Social Networking
Flickr has launched a new iOS application. I’ve never owned a smartphone or a tablet, so I don’t have any experience with applications in the mobile space, but I was linked to a review of the application at the New York Times which discusses the future of Flickr in light of the app. It struck me with one particular statement:
The updated mobile experience now feels like a social network that focuses on photography, not a photography Web site that happens to have a social network.
I signed up for Flickr in 2007. It was my first plunge into the whole Web 2.0 thing, and the first web application that I ever payed for. As I wrote back then, what appealed to me about Flickr was that it a social-networking site that was built around something. The reason I have never gotten into services like MySpace and Facebook is that they seem to me to be websites that do social networking for the sake of social networking. That has never appealed to me. They offer no services that don’t exist elsewhere.
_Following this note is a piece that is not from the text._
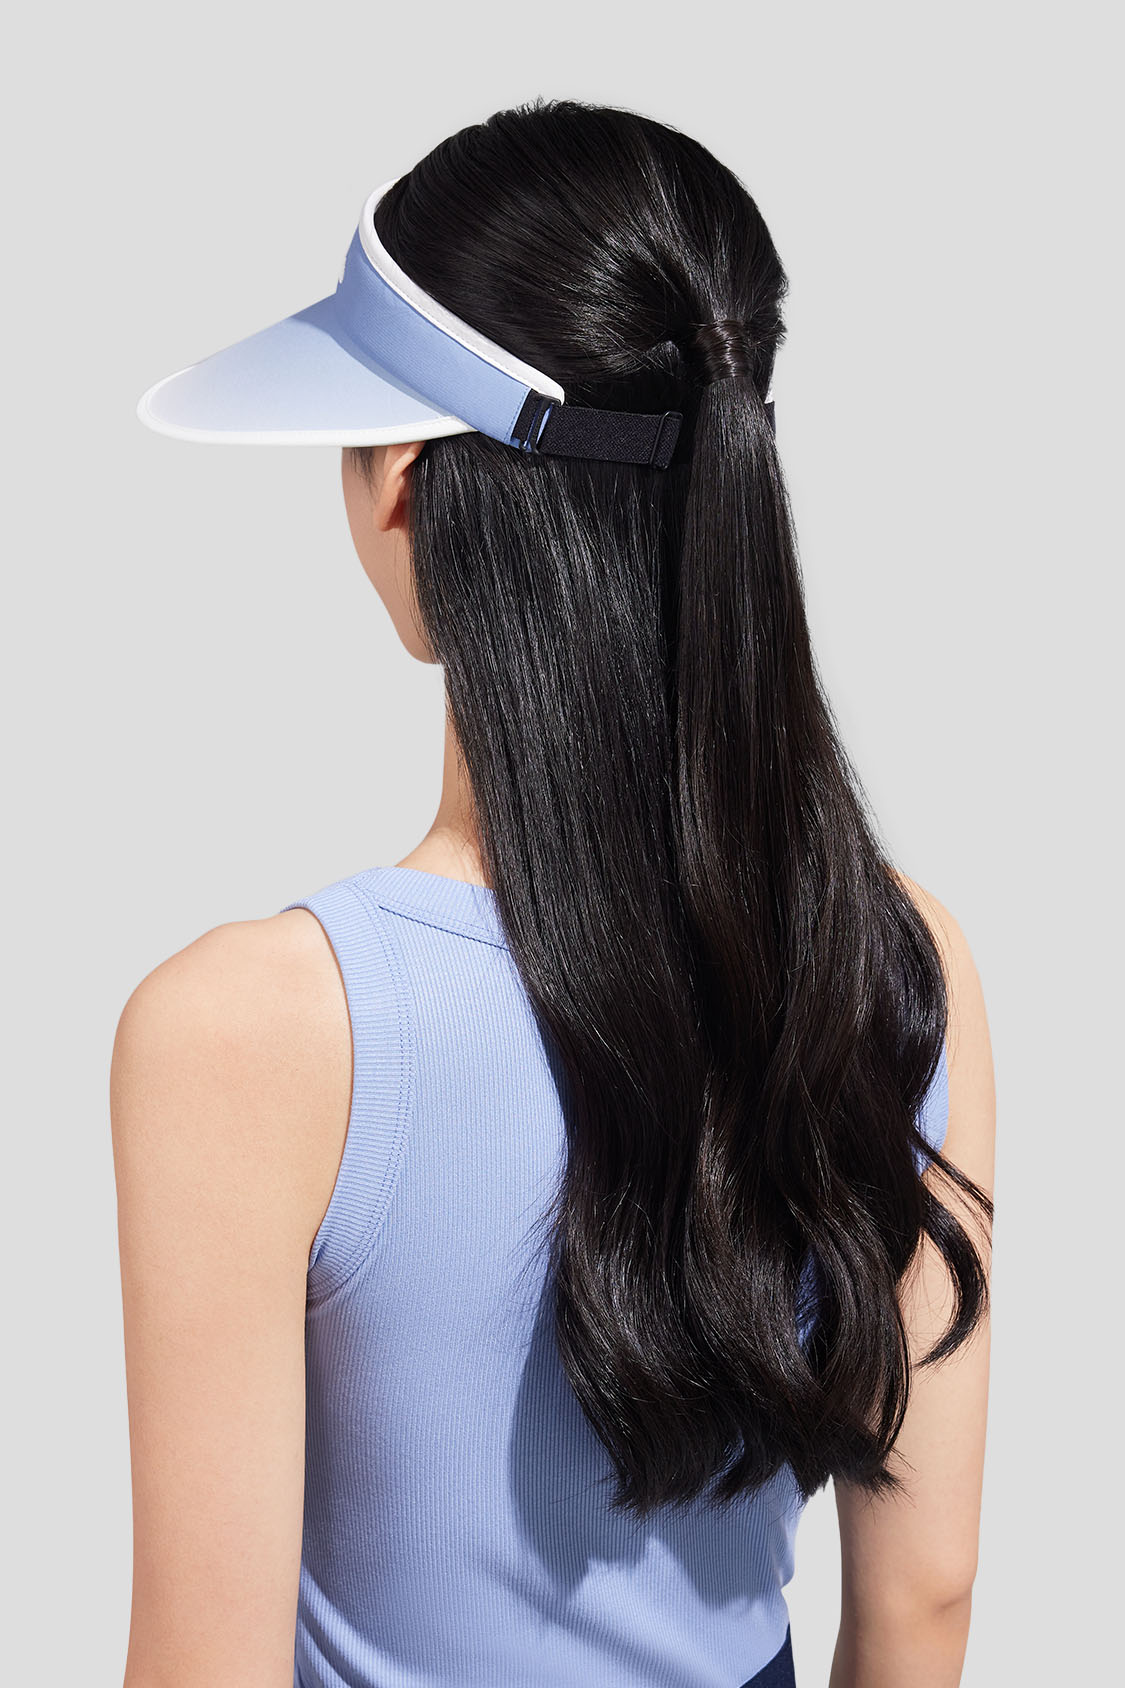 beneunder women's sun hats #color_gradient blue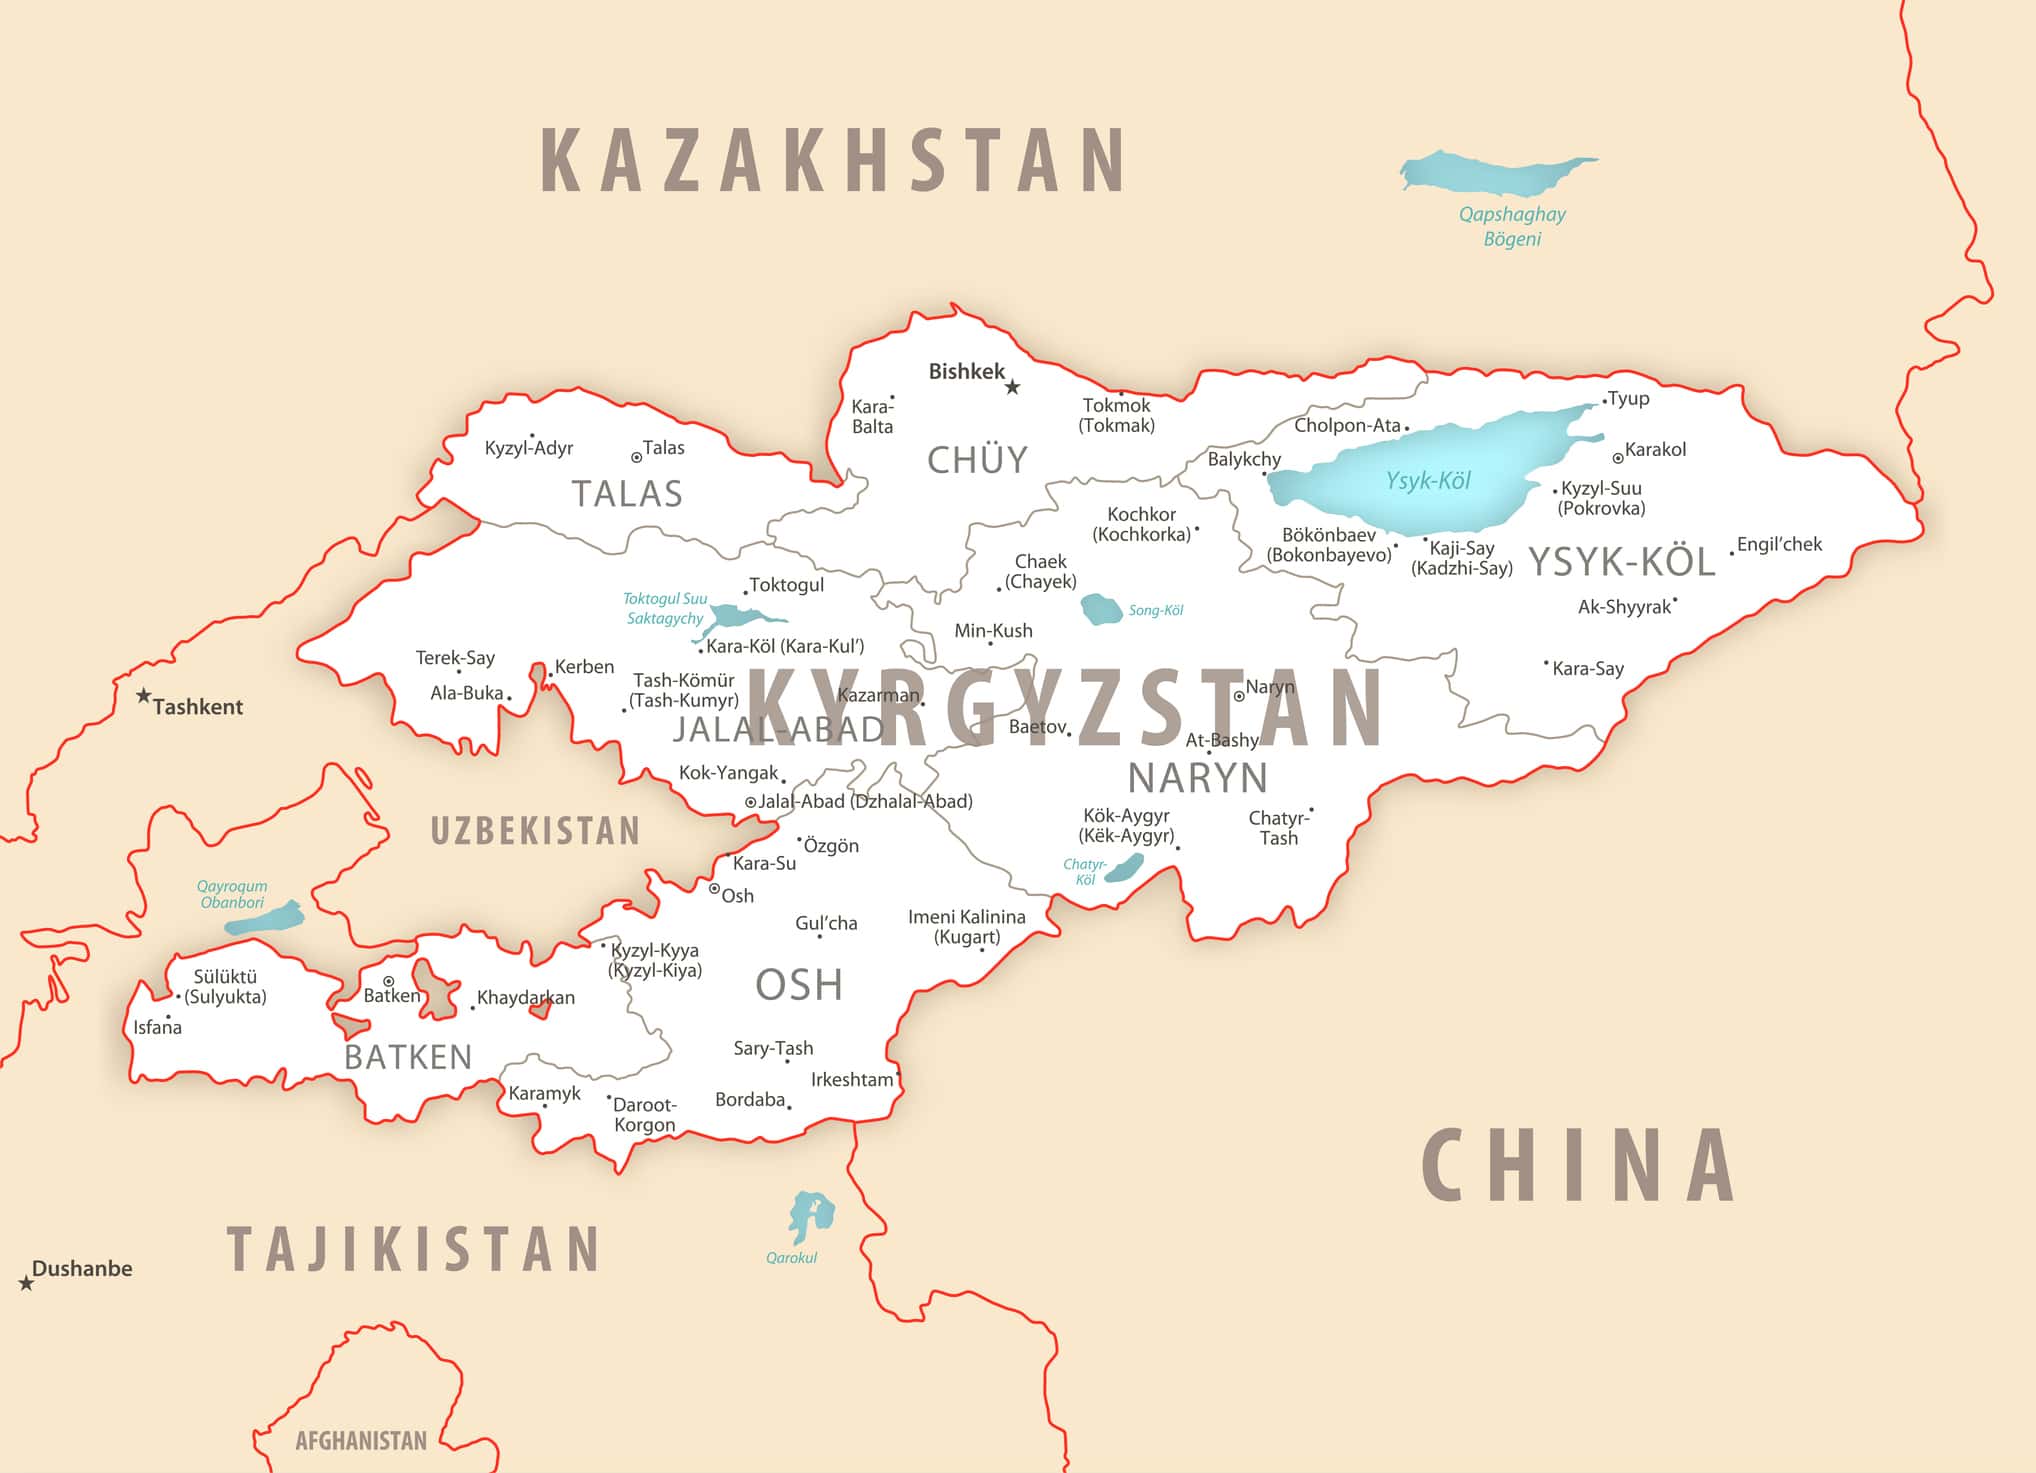 Mappa dettagliata del Kirghizistan con le regioni e le città del paese.

In contrast, take a look at the social networking websites that I am active on. Flickr is a photo hosting website that happens to have social networking features. Github is a code hosting website that happens to have social networking features. I take advantage of the primary function of those websites – photo or code hosting – but I also gain extra value with the secondary social-networking features. It surprised me to see that the inverse was true for the author of the New York Times piece.
My Flickr Pro account expired last month. As has been my habit for the past couple of years, I debated if I wanted to renew it, or to use the opportunity to jump ship to a different service like OpenPhoto or MediaGoblin. In the end, I decided to renew and put off the move till next year. If Flickr is indeed changing from a photography website that happens to have a social network to a social network that happens to have photography, my move may be expedited.